Data -

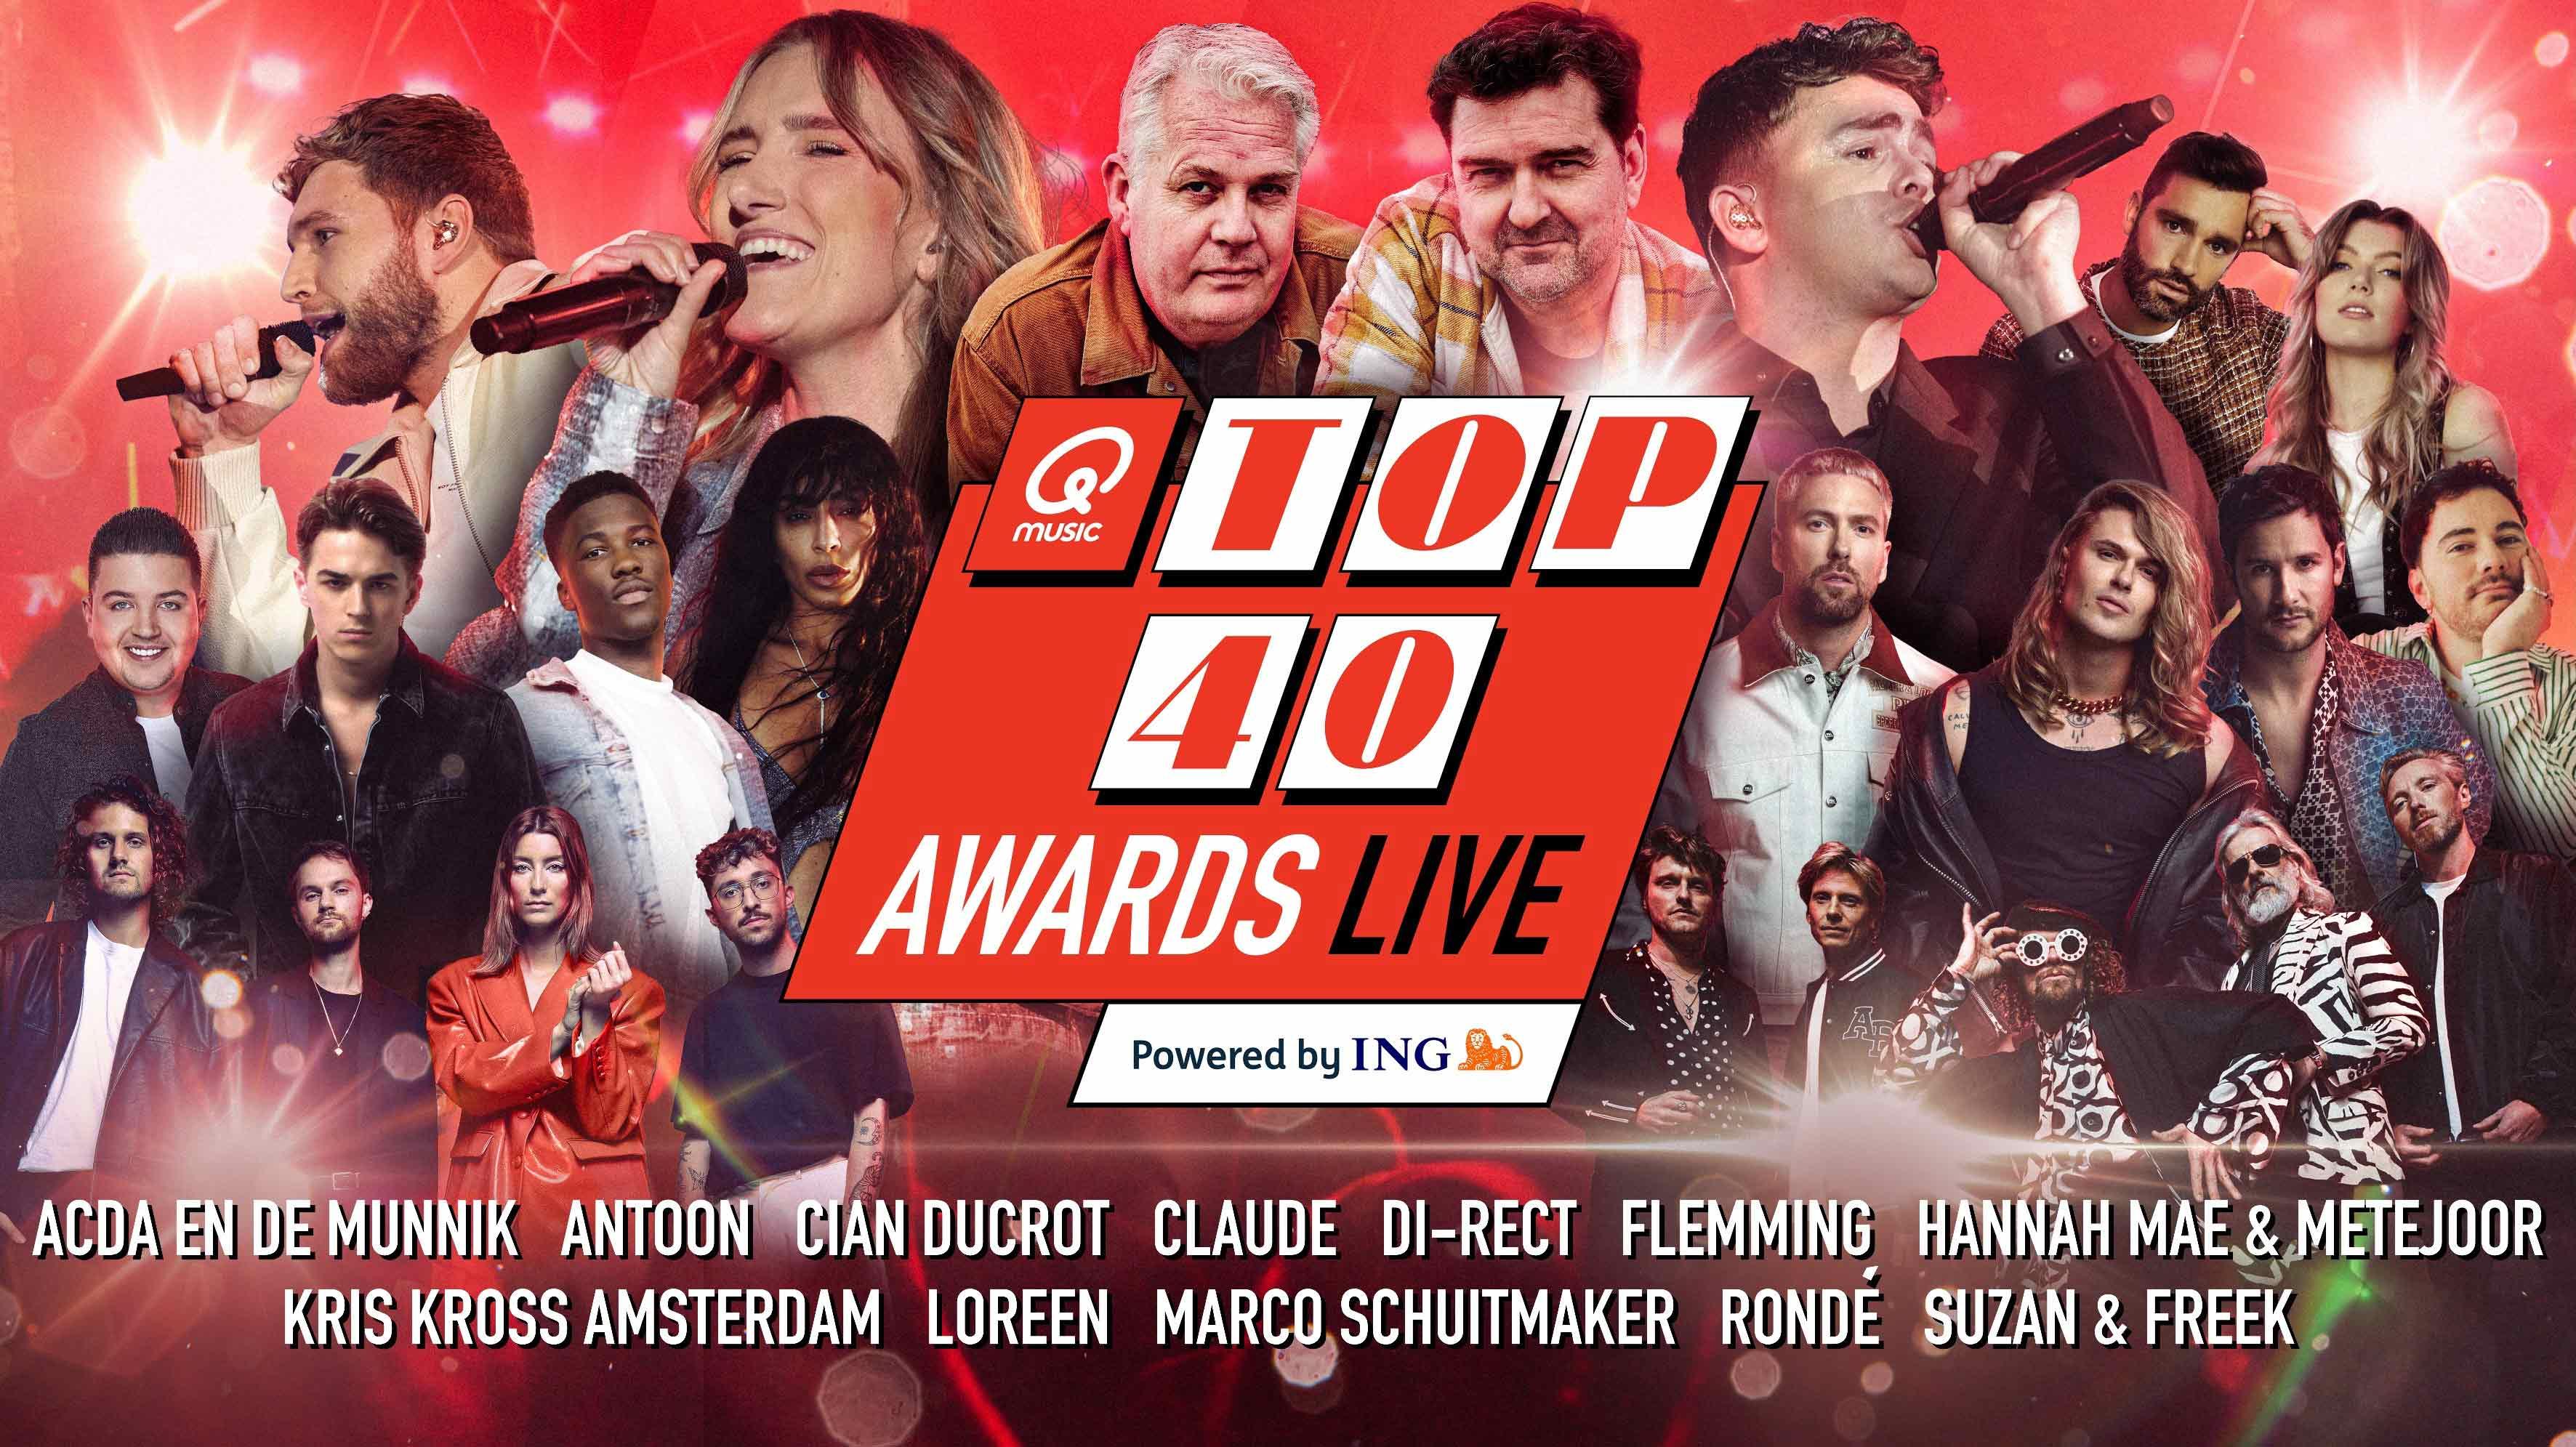 Qmusic Top 40 Awards Live
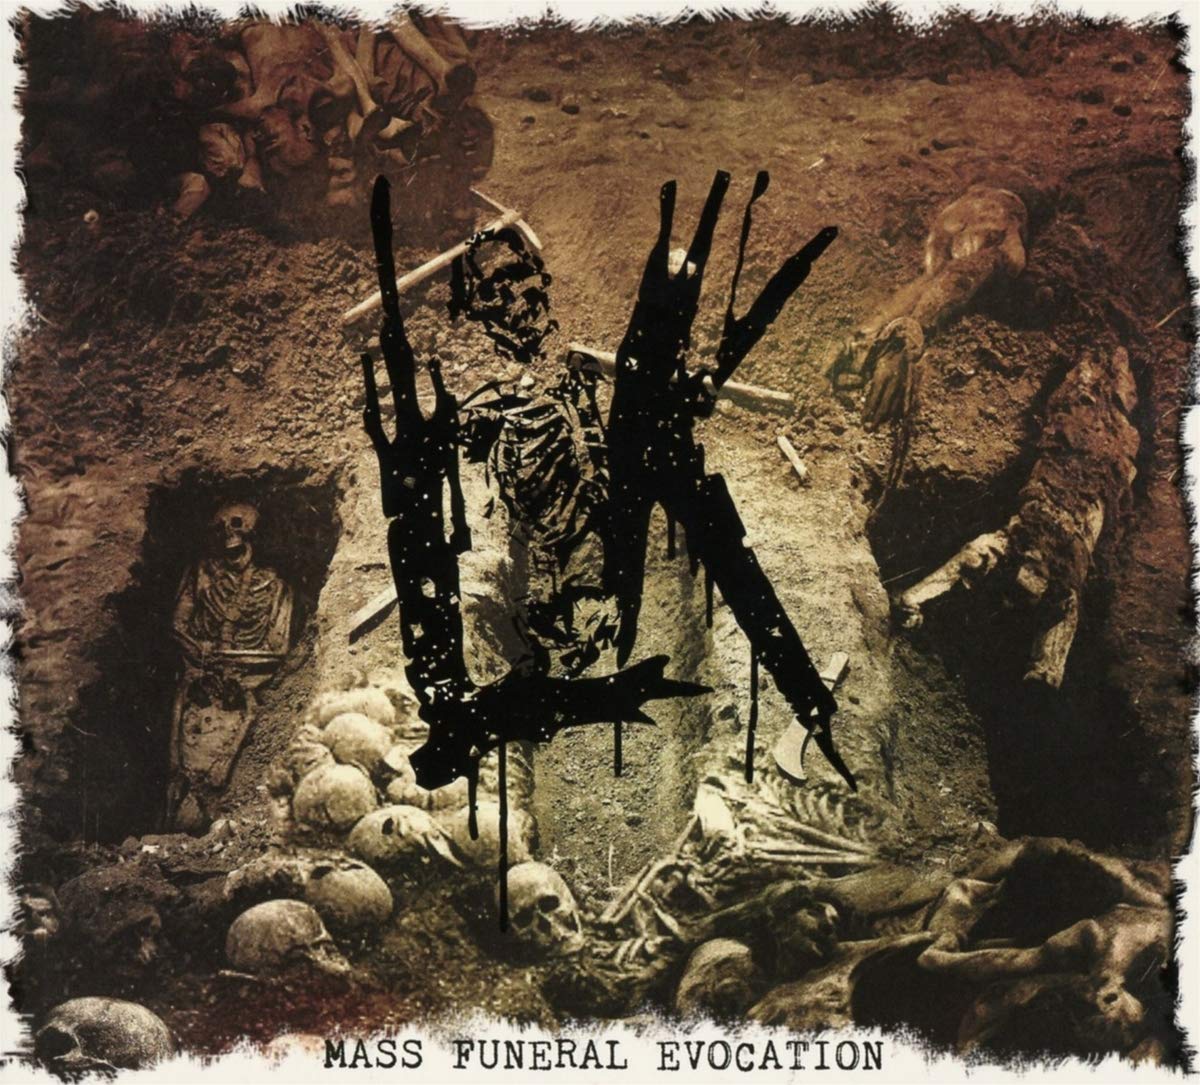 Lik - Mass Funeral Evocation (Ltd. Ed. 2019 digipak reissue with 2 bonus tracks) - CD - New
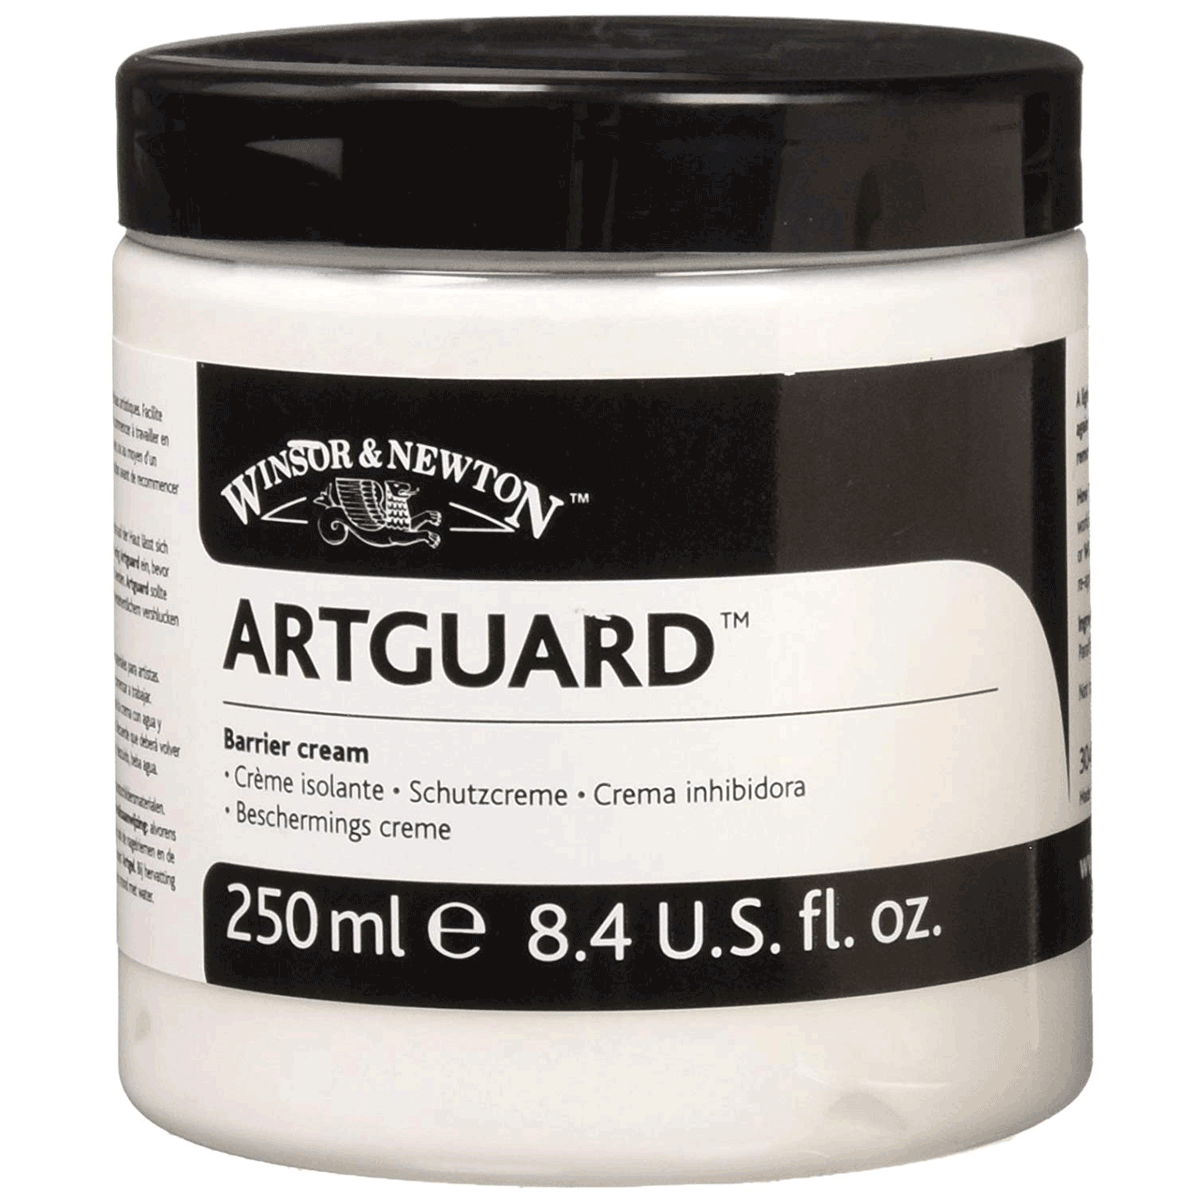 Winsor & Newton Artguard Barrier Cream 250ml

Exercise requirements - From the line that holds "Lik - Mass Funeral" down to the last line of the material above, every line is to be copied exactly, both ends included; pictures are to be omitted.

Solution below -
 Lik - Mass Funeral Evocation (Ltd. Ed. 2019 digipak reissue with 2 bonus tracks) - CD - New
 Winsor & Newton Artguard Barrier Cream 250ml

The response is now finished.